Proof of $\sum_{k=1}^n \binom{n}{k} \binom{n}{n+1-k} = \binom{2n}{n+1}$ via induction

Question

I'm having trouble to prove the following formula using Induction on $n \in \mathbb{N}$: $$\sum_{k=1}^n \binom{n}{k} \binom{n}{n+1-k} = \binom{2n}{n+1}.$$ I've tried all the usual identities, but they seem to lead nowhere.

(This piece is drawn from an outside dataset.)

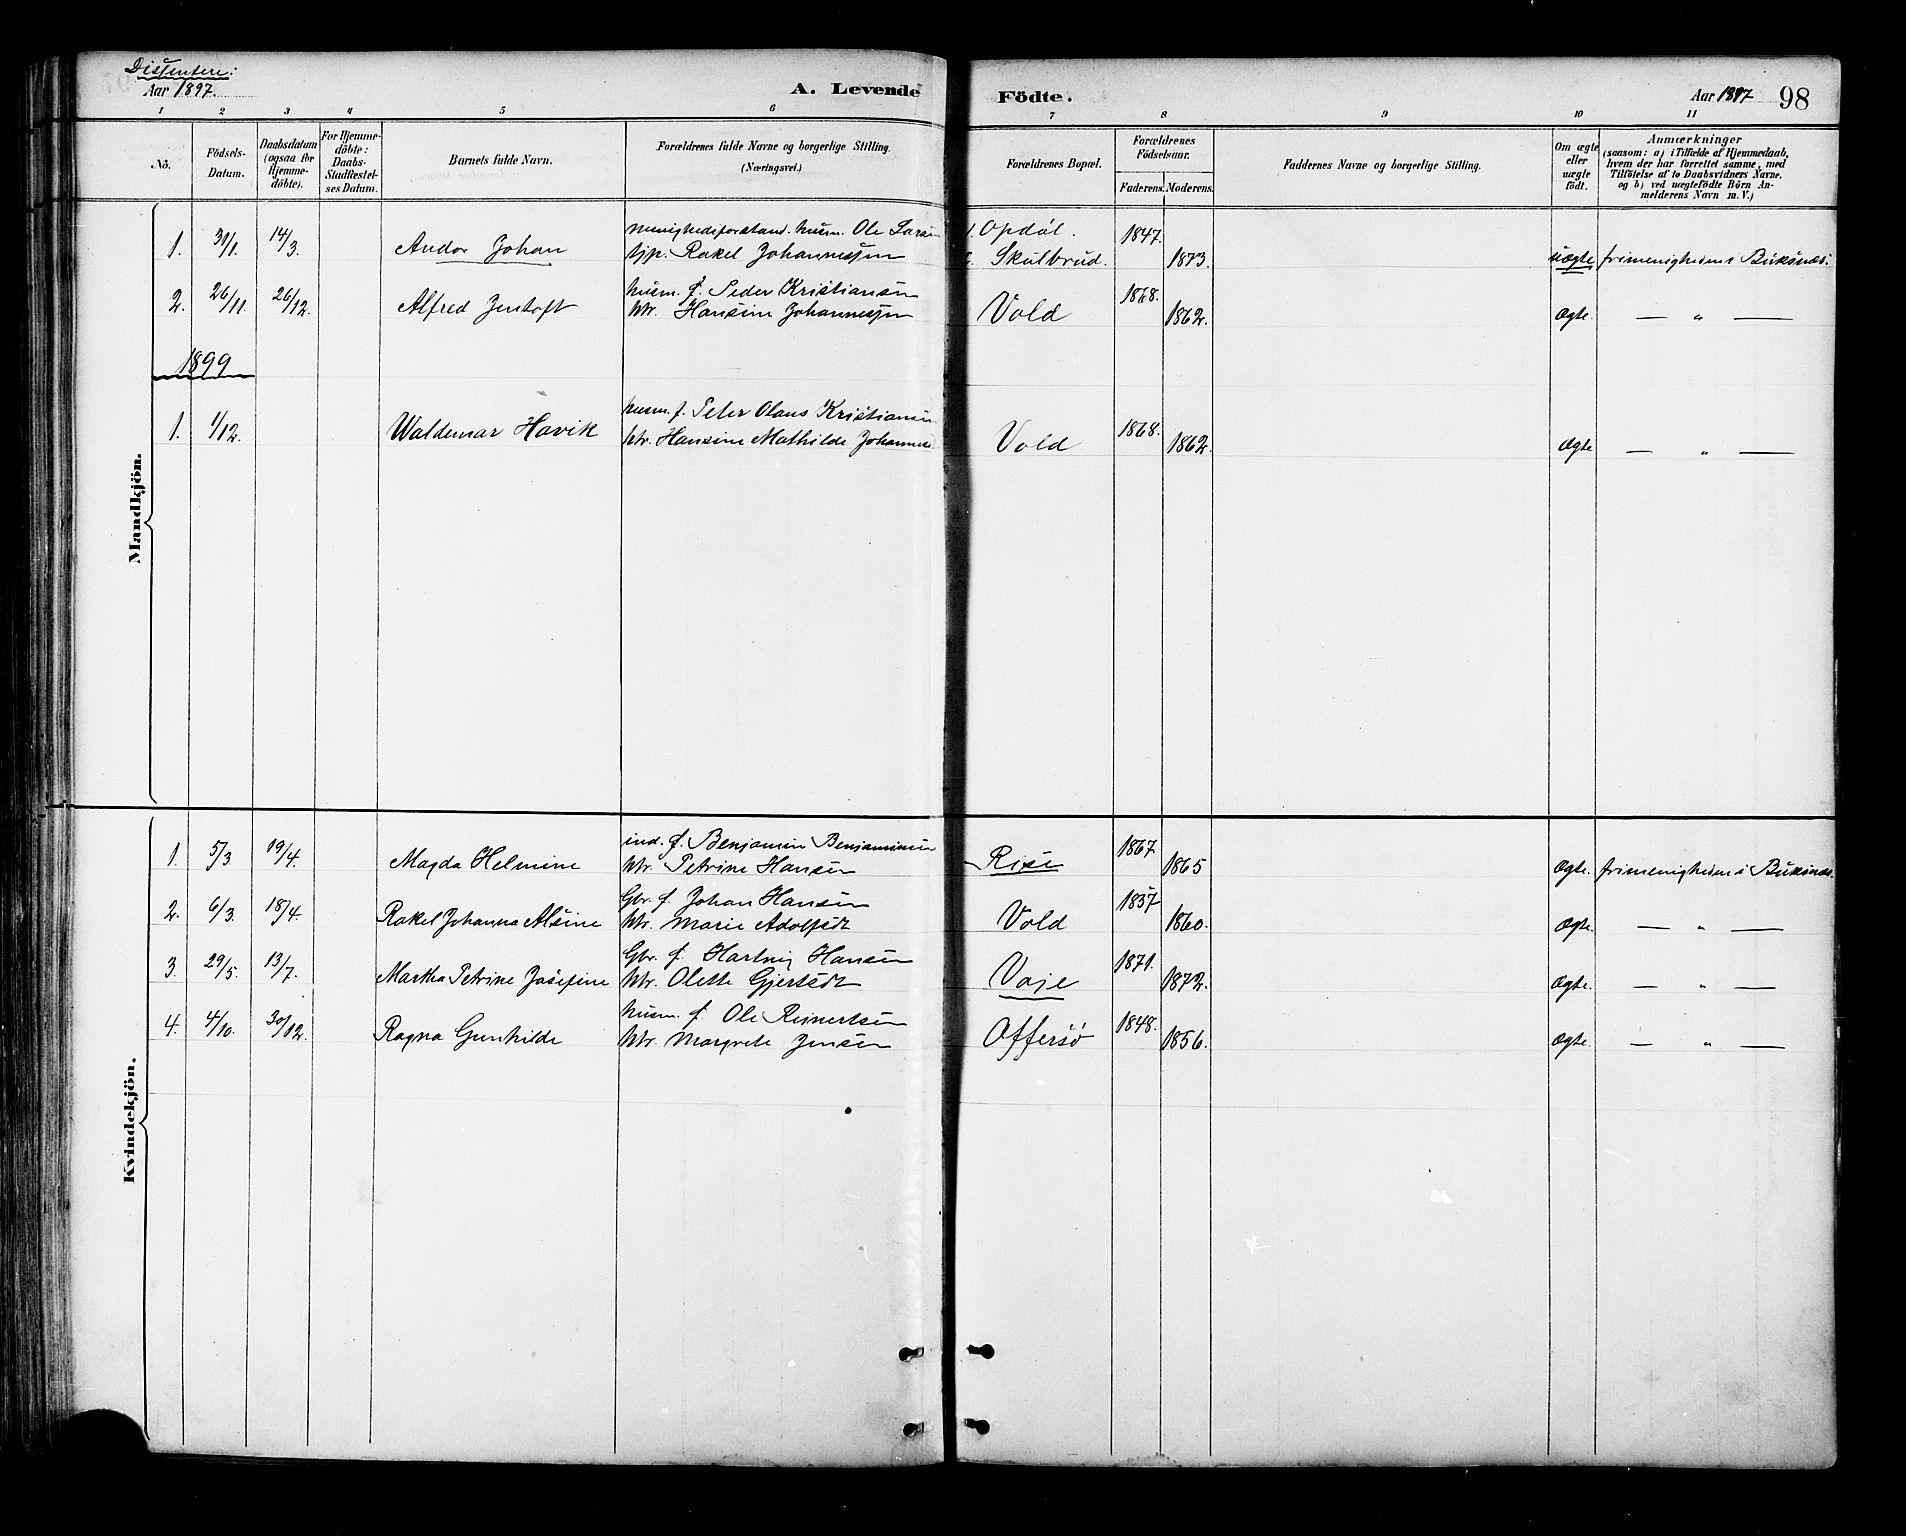 SAT, Ministerialprotokoller, klokkerbøker og fødselsregistre - Nordland, 881/L1167: Klokkerbok nr. 881C04, 1886-1899, s. 98

Is there any trick to this, or is it just not possible to prove this using induction?

I'm thankful for any tip or advice on how to approach this :)

If you search a bit in Approach0 you can find two problems which are basically modifications of this: Prove $\sum_{k=1}^{n}{n \choose k}{n \choose k-1} = {2n+2 \choose n+1}/2-{2n \choose n}$ and Evaluate the sum $\sum_{k=1}^n {n \choose k-1} {n \choose k}$. As mentioned in the previous comment, look at Vandermonde's identity. — Martin Sleziak, Dec 12 '17 at 17:04
However, neither of those two posts asks specifically for a proof by induction. — Martin Sleziak, Dec 12 '17 at 17:14
Then we could do induction on $i$, so the full thesis is just the base $P_0$ of the induction, and $P_i\implies P_{i+1}$ is easy because in fact $P_i= P_{i+1}$ for all $i$ — Pietro Majer, Dec 12 '17 at 17:35
Thanks for answering everyone. I know the formula is easily proven in various ways, but I was looking specifically for an Induction.
I had to settle with the an inductive proof of Vandermonde's identity though, obtaining this formula as a special case. — NumberPractice, Dec 12 '17 at 19:03
Maybe checking these related posts might help: Inductive proof for $\binom{2n}{n}=\sum\limits_{k=0}^n\binom{n}{k}^2$ and Inductive Proof for Vandermonde's Identity? Especially the first one, since robjohn's answer also deals with the sum $\sum_{k=1}^n\binom{n}{k}\binom{n}{k-1}$. — Martin Sleziak, Dec 13 '17 at 01:34
Neither Evaluate the sum $\sum_{k=1}^n {n \choose k-1} {n \choose k}$ nor any of the answers thereto concern induction. If this is to be closed, it would be nice to cite an inductive proof for those looking for an inductive proof. — robjohn, Dec 14 '17 at 11:18
What are you looking for beyond the Inductive Proof for Vandermonde's Identity? It seems like that can be easily adapted to prove what you want just by subtitutions of the variables. — rogerl, Dec 14 '17 at 16:45

score 3 · Answer 1 · edited Dec 12 '17 at 17:34

3

Select $n+1$ unit squares from a $2\times n$ rectangle. What do you see?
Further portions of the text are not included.